The sequence represented as an array of `nums`, is laid out in front of them. Arya will start by selecting either the number at the beginning (`nums[0]`) or the end (`nums[nums.length - 1]`) of the array, adding that value to her score. This value is then removed from the beginning or the end of `nums`. Then, it’s Mario’s turn to do the same with the remaining sequence. The game proceeds this way, with each player taking numbers from either end until no numbers are left to claim. The player with the highest score wins.

However, if they end in a tie, Arya, as the first to act, will claim victory by default.

Arya is now before you, asking for help to predict her chances.
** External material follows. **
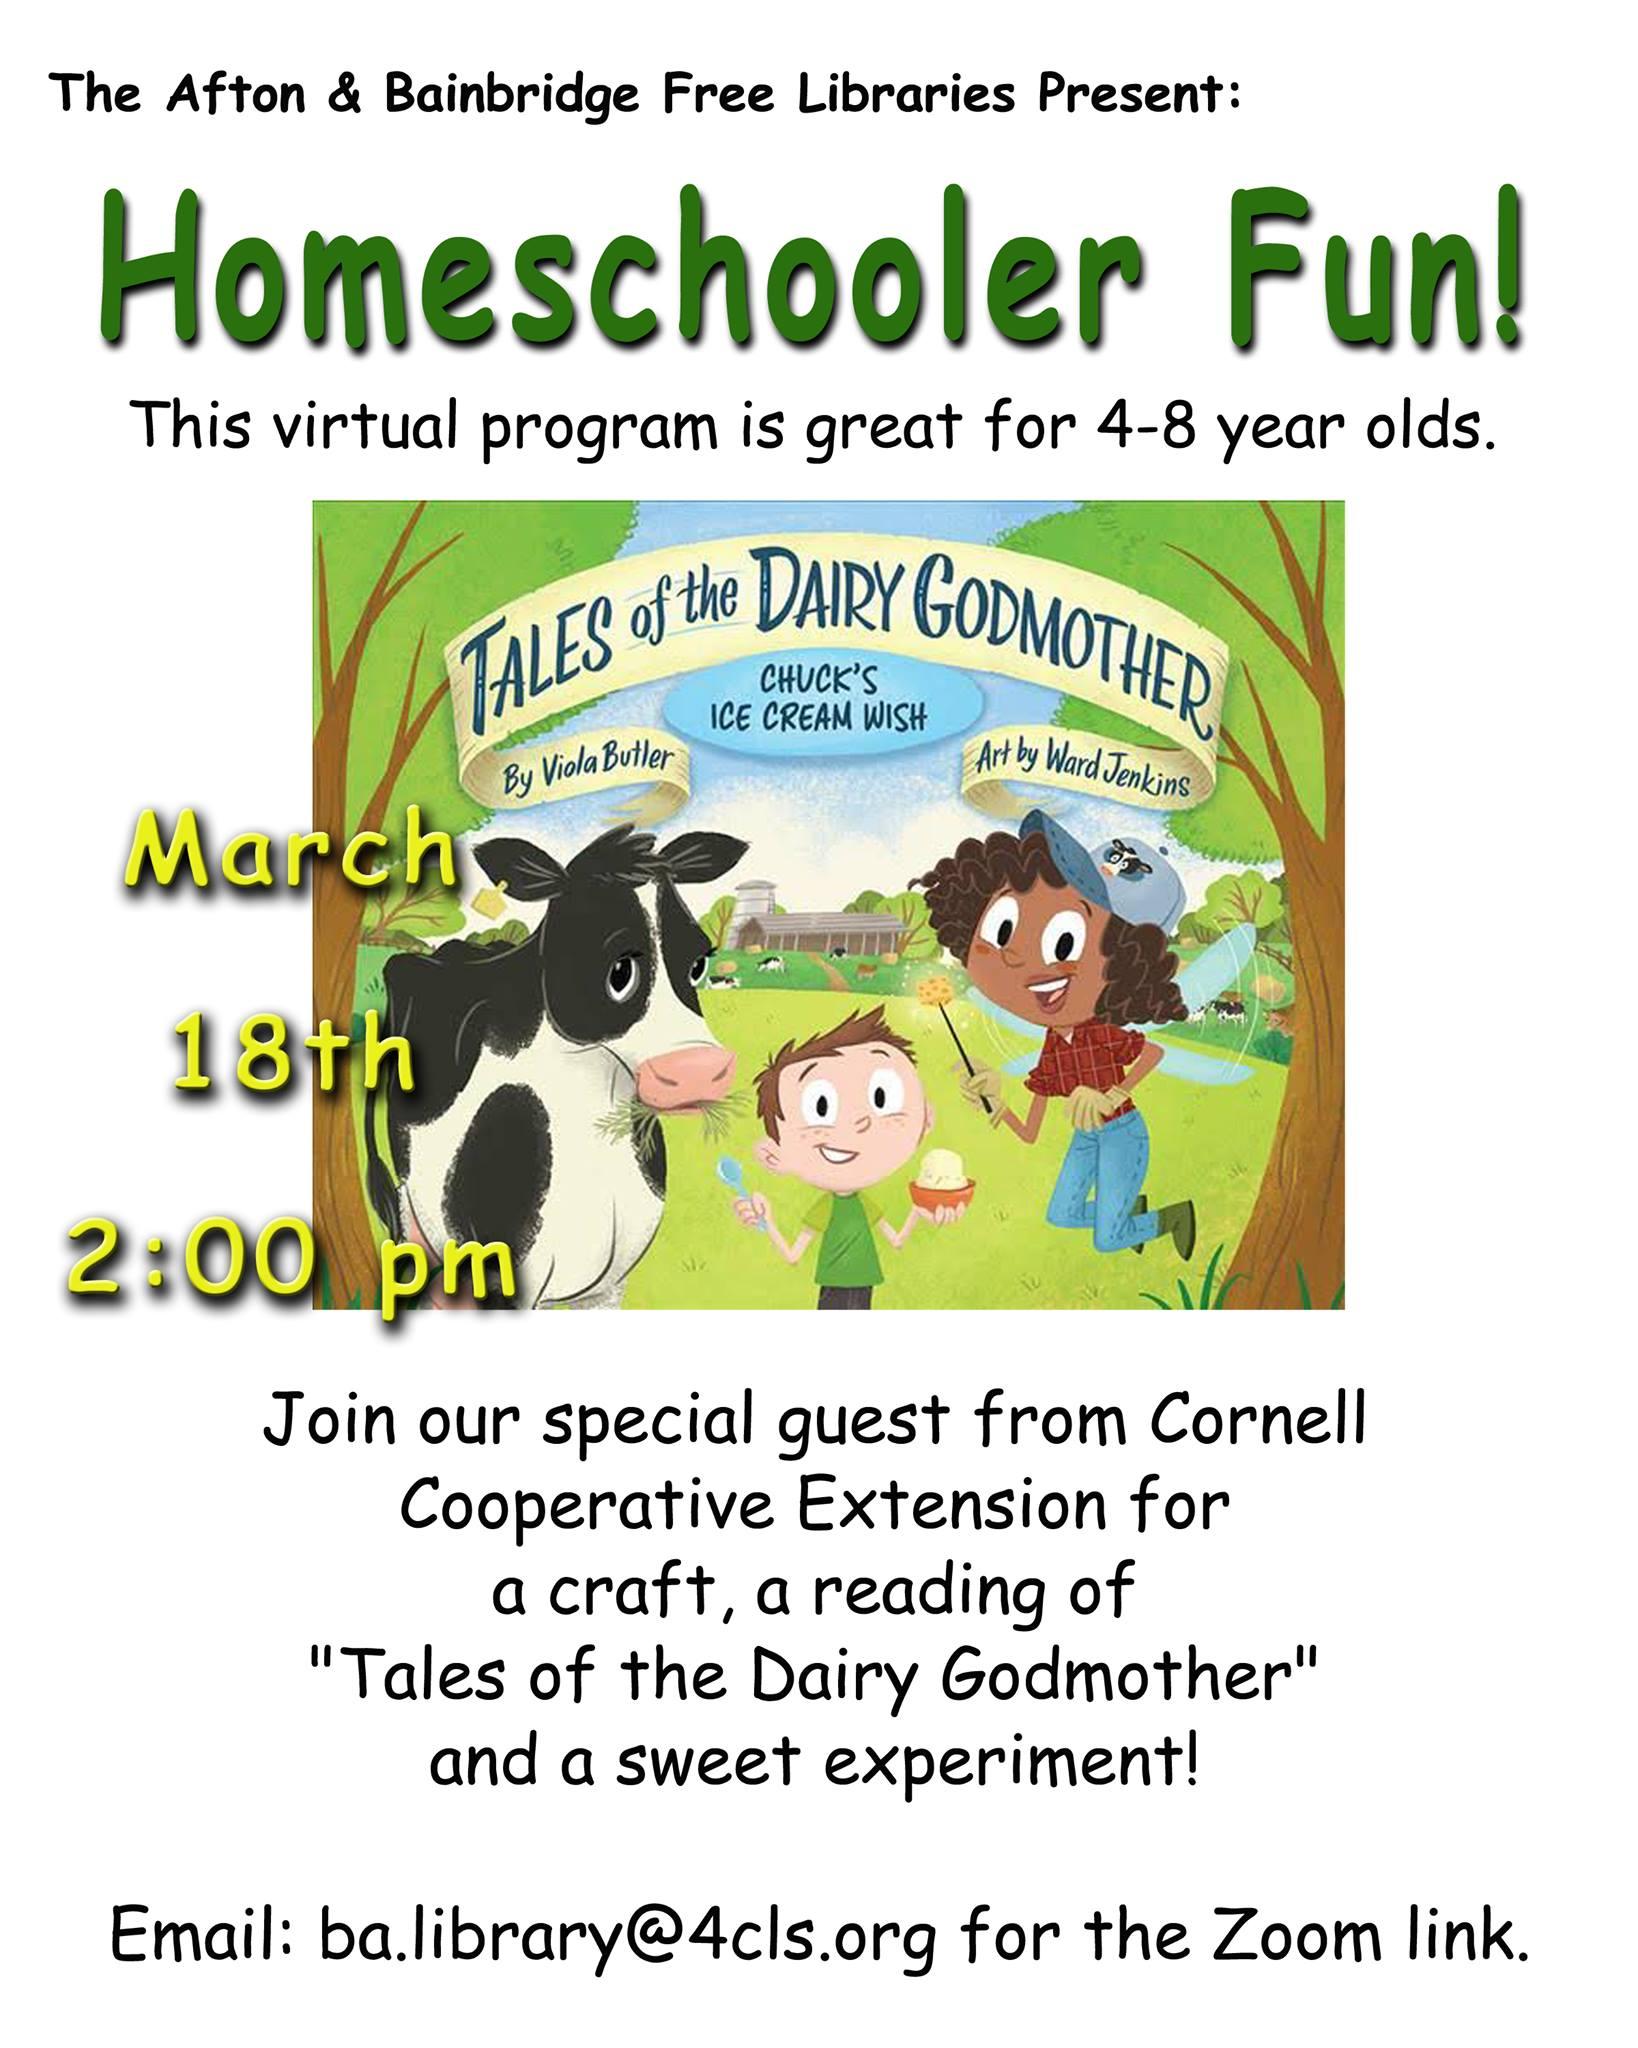 Homeschooler Fun! – March 18

She wants to know, with her best possible choices, whether she can guarantee a win, assuming both players play with perfect skill.



- a) Help Arya by providing a pseudocode for finding an optimal playing strategy, that is, a strategy that maximizes her value. (Hint: Use recursion, assuming that both players play optimally).



- b) Write a Python program implementing her game strategy. Try different array lengths to test the algorithm.



- c) Is the algorithm efficient? Prove that it is polynomial and provide an asymptotic time complexity bound, or show that it requires exponential time.



- d) If the algorithm is exponential, explain how to make it polynomial and provide a pseudocode for it. Recompute the computational complexity of the updated algorithm.



- e) Implement the algorithm in Python. Compare your result values with the previous algorithm. Also compare the running times.



- f) Finally, consult LLM (ChatGPT, Claude AI, Gemini, Perplexity, etc.) to craft a third, optimized implementation and analyze its time complexity. Also, explain if the LLM is doing a good job and how you can evaluate whether the suggested solution works properly.